I’m working. I’m hoping that among other things we’ll get out of Iraq, but I don’t have much confidence. I think there’s a chance or I wouldn’t be doing what I’m doing. I want to enlarge that chance, and I think enlarging that chance can be done. But I admit I think it’s much less than an even chance. The odds are, I think we will one way or another hang onto the bases in that oil-rich country indefinitely, for a very long time. We’ll let go of New Jersey before we let go of Iraq. Because the oil’s pretty exhausted in New Jersey.
What is happening in Iraq is very like Vietnam, with the difference of the oil there and the strategic location and relation to Israel.

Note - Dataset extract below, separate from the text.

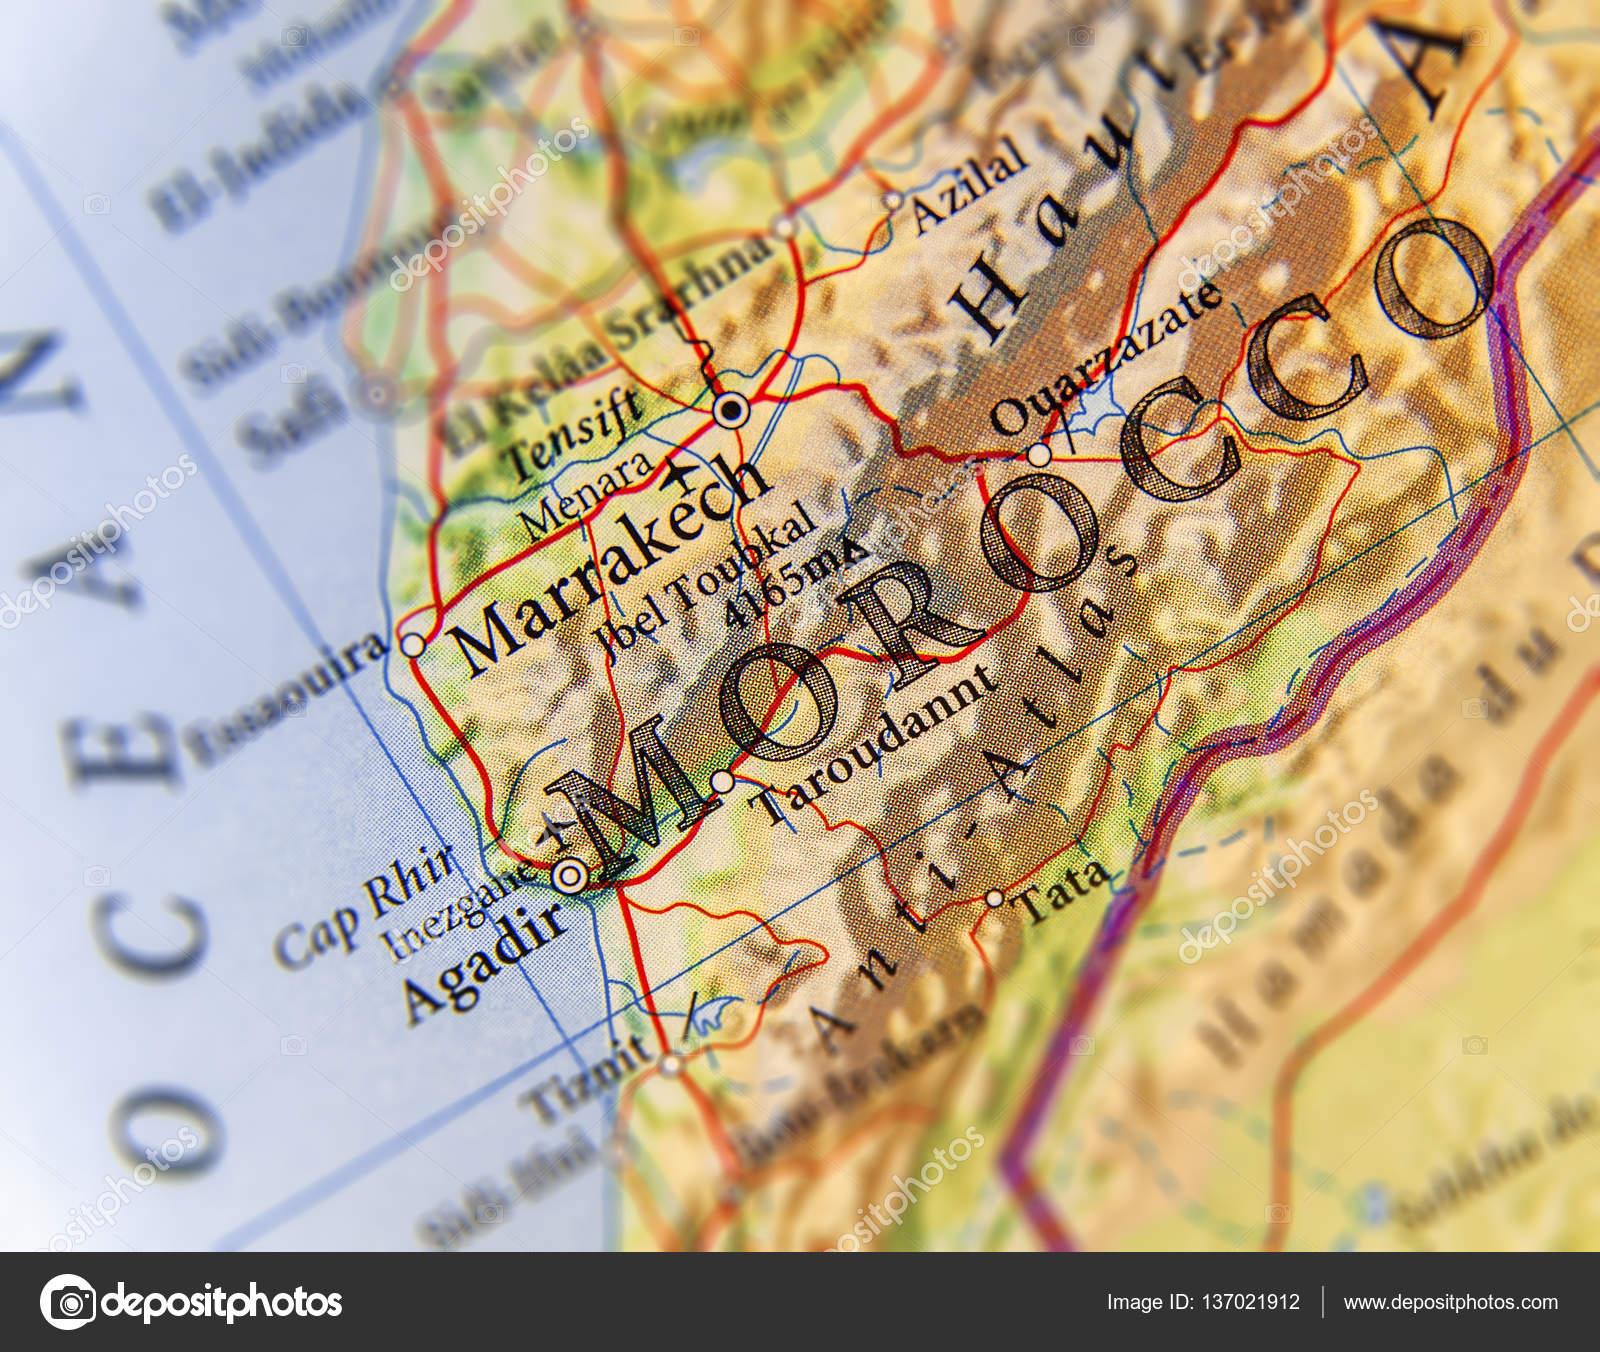 mapa geografico do marrocos Mapa geográfico do país de Marrocos cidades importantes  mapa geografico do marrocos
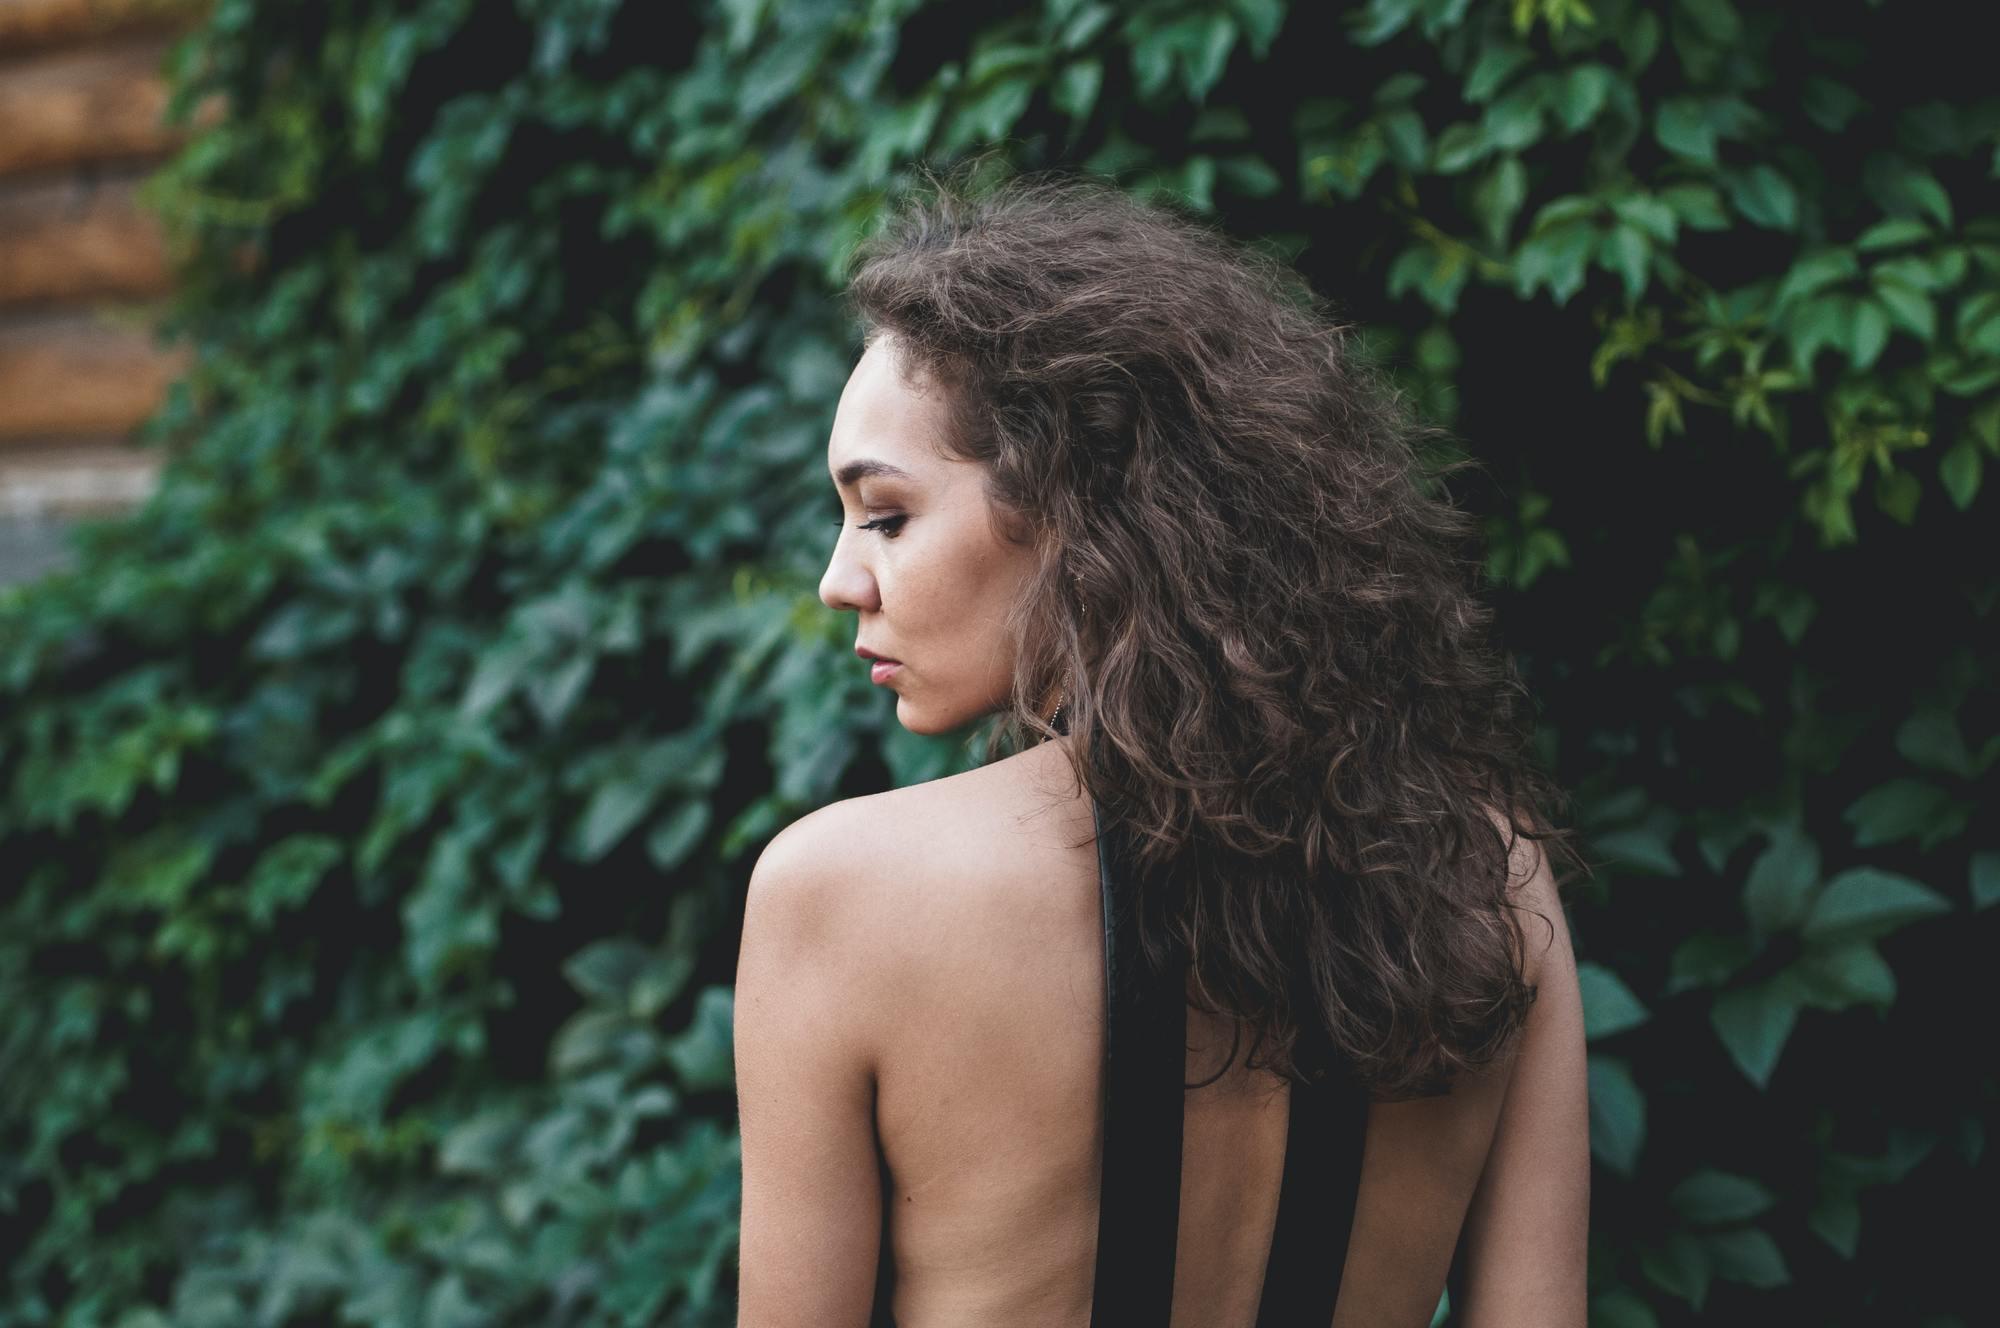 Femme aux cheveux longs et bouclés foncés

The other 4 parts of the interview linked at the bottom of the article are pretty cool.

Edit: gangbusters quote from the first part:

I never really published it. It didn’t come out because it was years later. I certainly didn’t bring it out. The prosecutor in the Pentagon Papers case had suspected that I had been the source of the 206,000, so they tried to introduce that into the case after my indictment and we were able to move to keep it out. Then it disappeared again because it wasn’t in the indictment.

I would say my leaks in March 1968 had more effect than the Pentagon Papers did have on policy. I know that sounds peculiar, but the 1968 leaks were not only timely but they actually were very effective in the context of the 206,000. In combination with that, it was the big turning point.

That 206,000 would have meant calling up the reserves. That would be the equivalent now of putting in the draft, meaning you now have unlimited troops to work with. In those days, we had done everything we could up to 550,000 without the reserves. If you’d called up the reserves, you could now send several hundred thousand more over.

If we’d sent those troops, we would have invaded North Vietnam, that’s what Westmoreland wanted to do. And if you’d invaded North Vietnam, you’d be next to China. And the upshot of that would almost certainly have been Chinese intervention and war with China. So all that was at stake.

In March of 1968 I was facing within weeks a decision that I understood, that I knew was a mistake, that might result in the use of nuclear weapons at Khe Sanh and the open-ended extension of the war which would lead to nuclear war with China. For that, I was ready to go to prison.